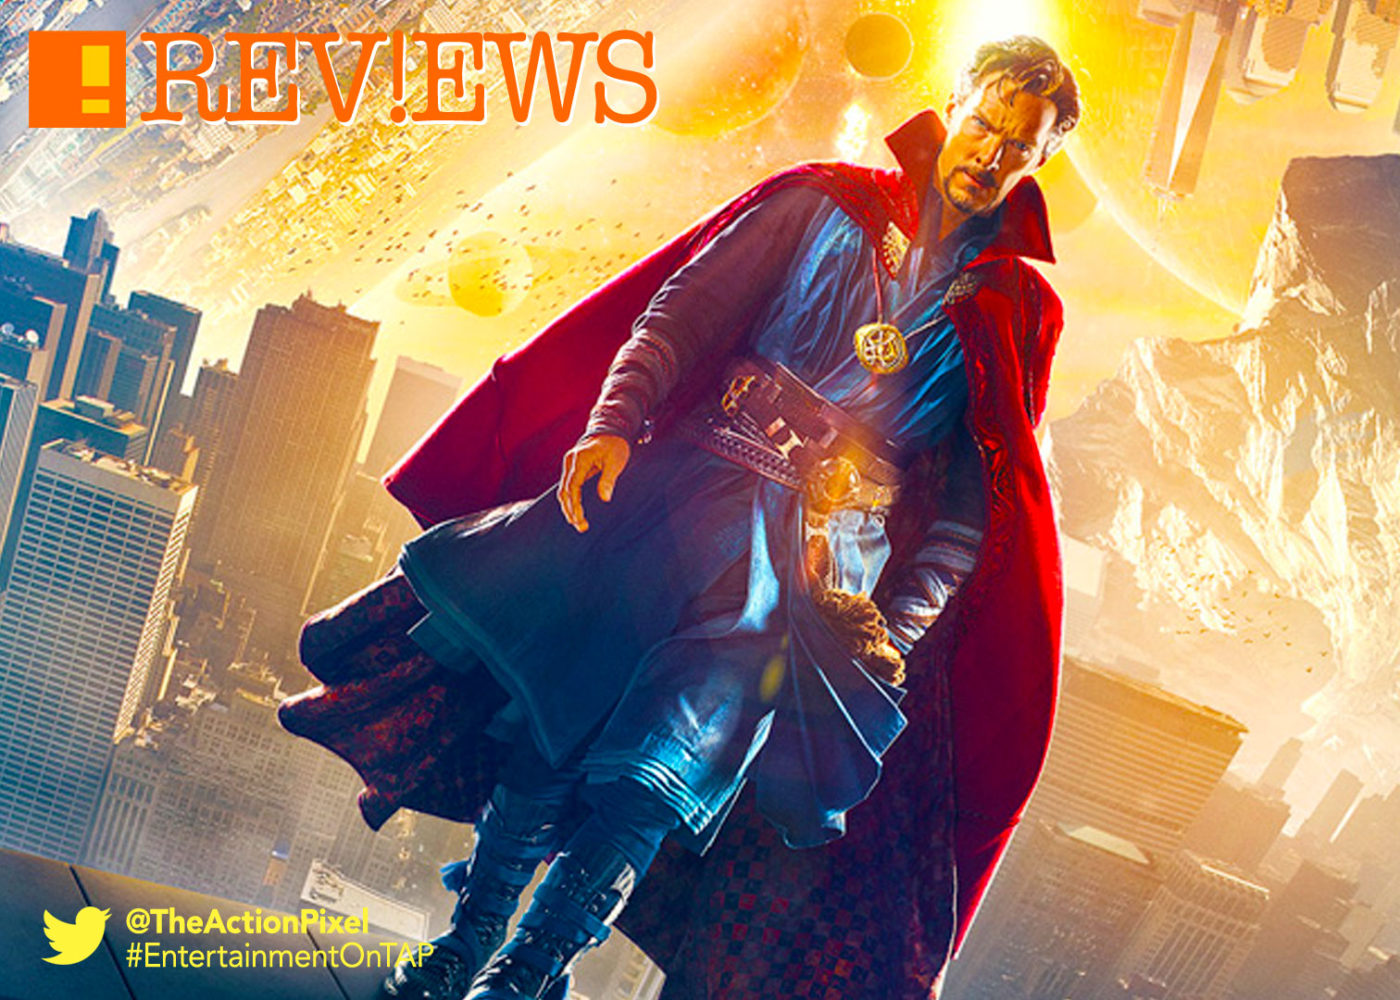 doctor strange,reviews, baron mordo, ancient one, doctor strange, astral, dark universe, stephen strange, marvel, marvel comics, marvel studios, the action pixel, entertainment on tap,
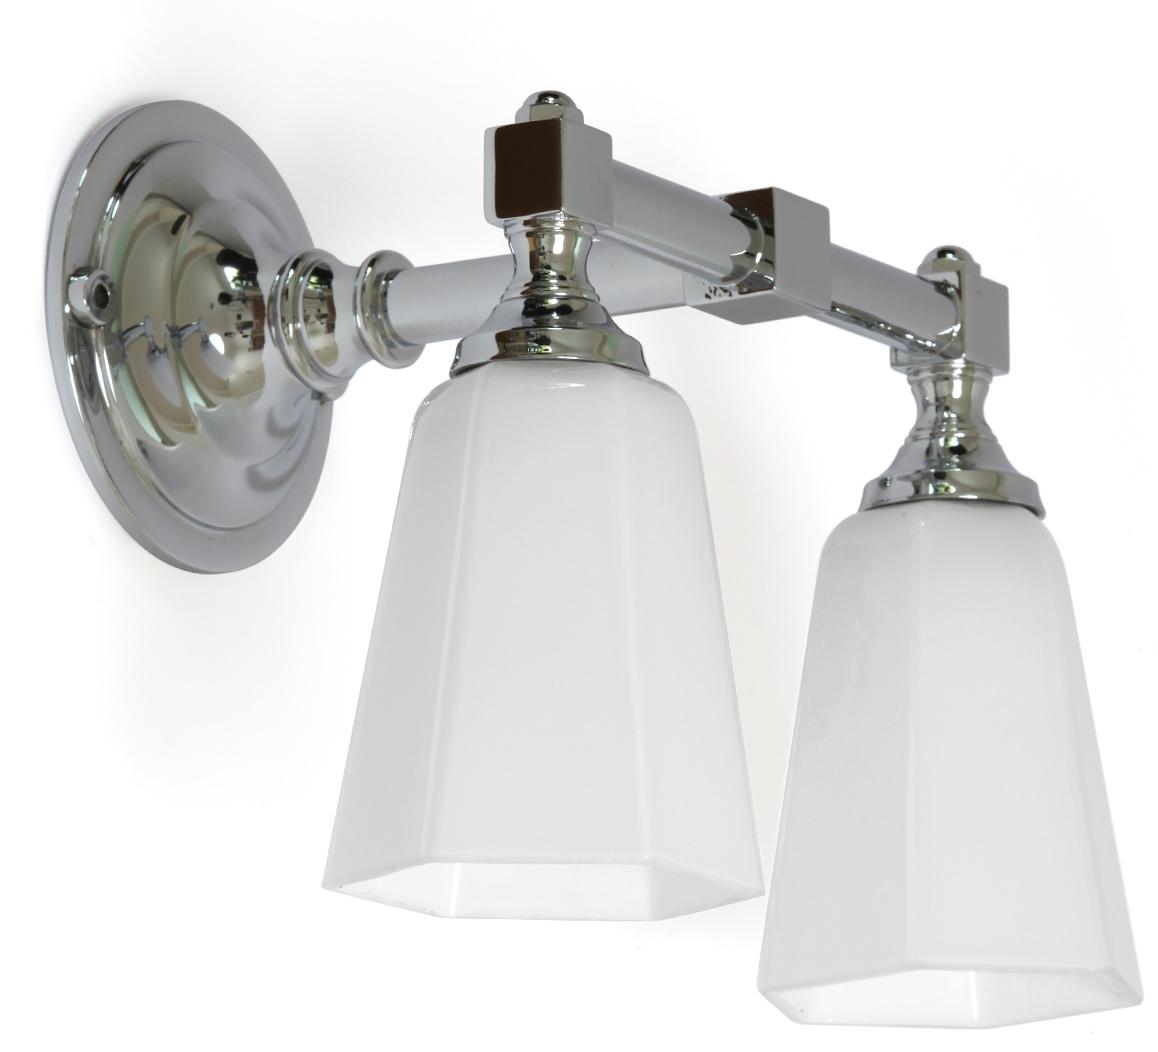 Best wandlampen f r badezimmer gallery house design - Badezimmer design ...
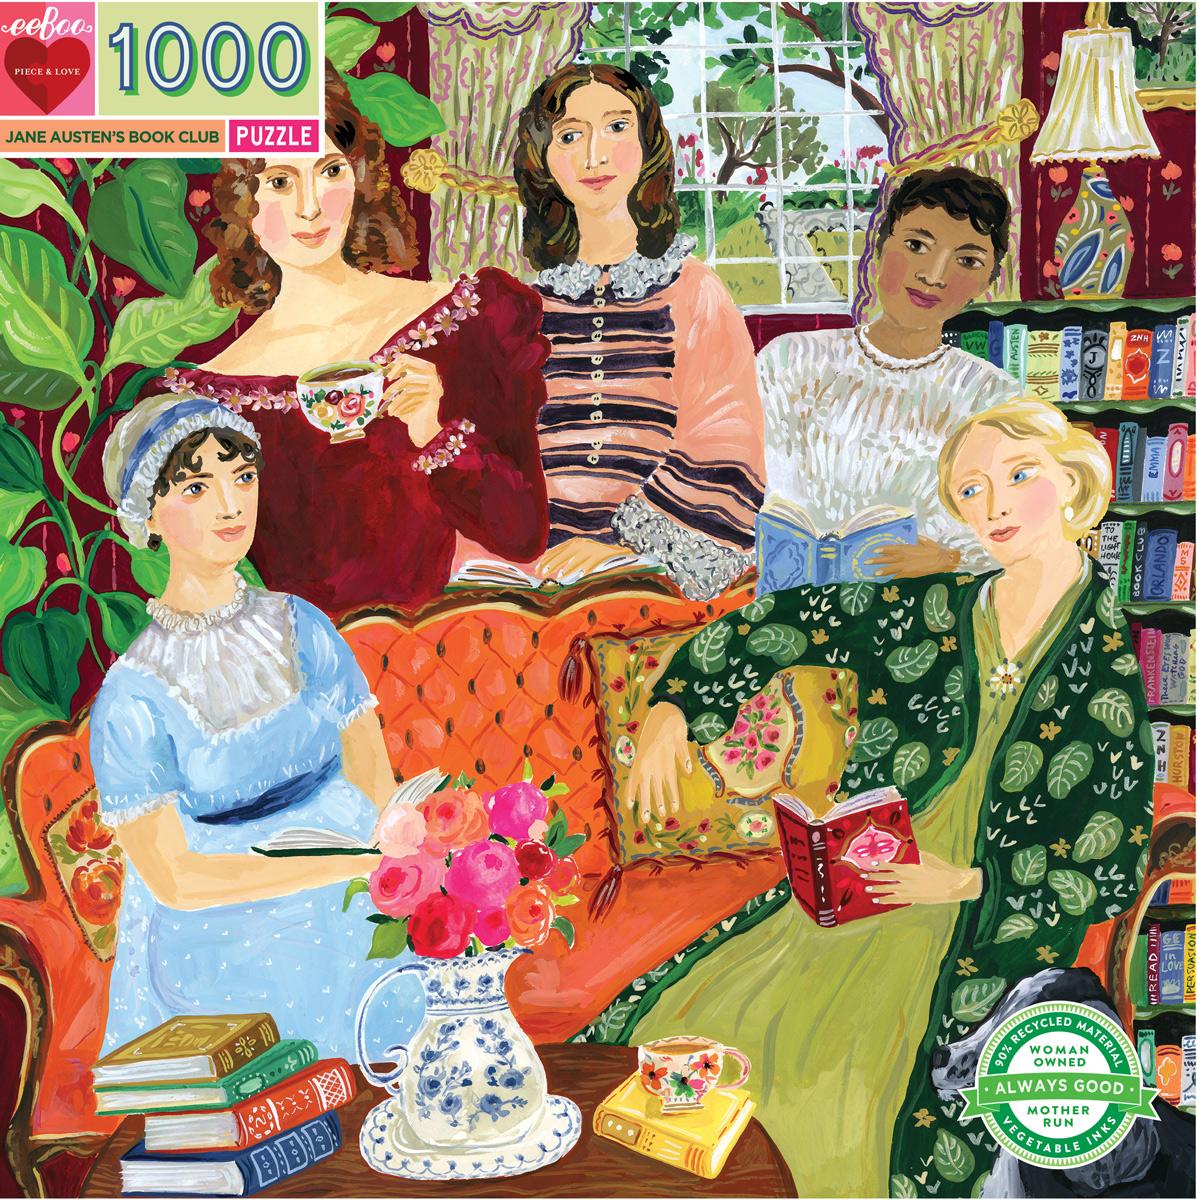 Jane Austen's Book Club People Jigsaw Puzzle

====

TASK STATEMENT
Could you set down the material above word for word while dropping its pictures?

SOLUTION TO THE PROBLEM
 doctor strange,reviews, baron mordo, ancient one, doctor strange, astral, dark universe, stephen strange, marvel, marvel comics, marvel studios, the action pixel, entertainment on tap,
 Best wandlampen f r badezimmer gallery house design - Badezimmer design ...
 Jane Austen's Book Club People Jigsaw Puzzle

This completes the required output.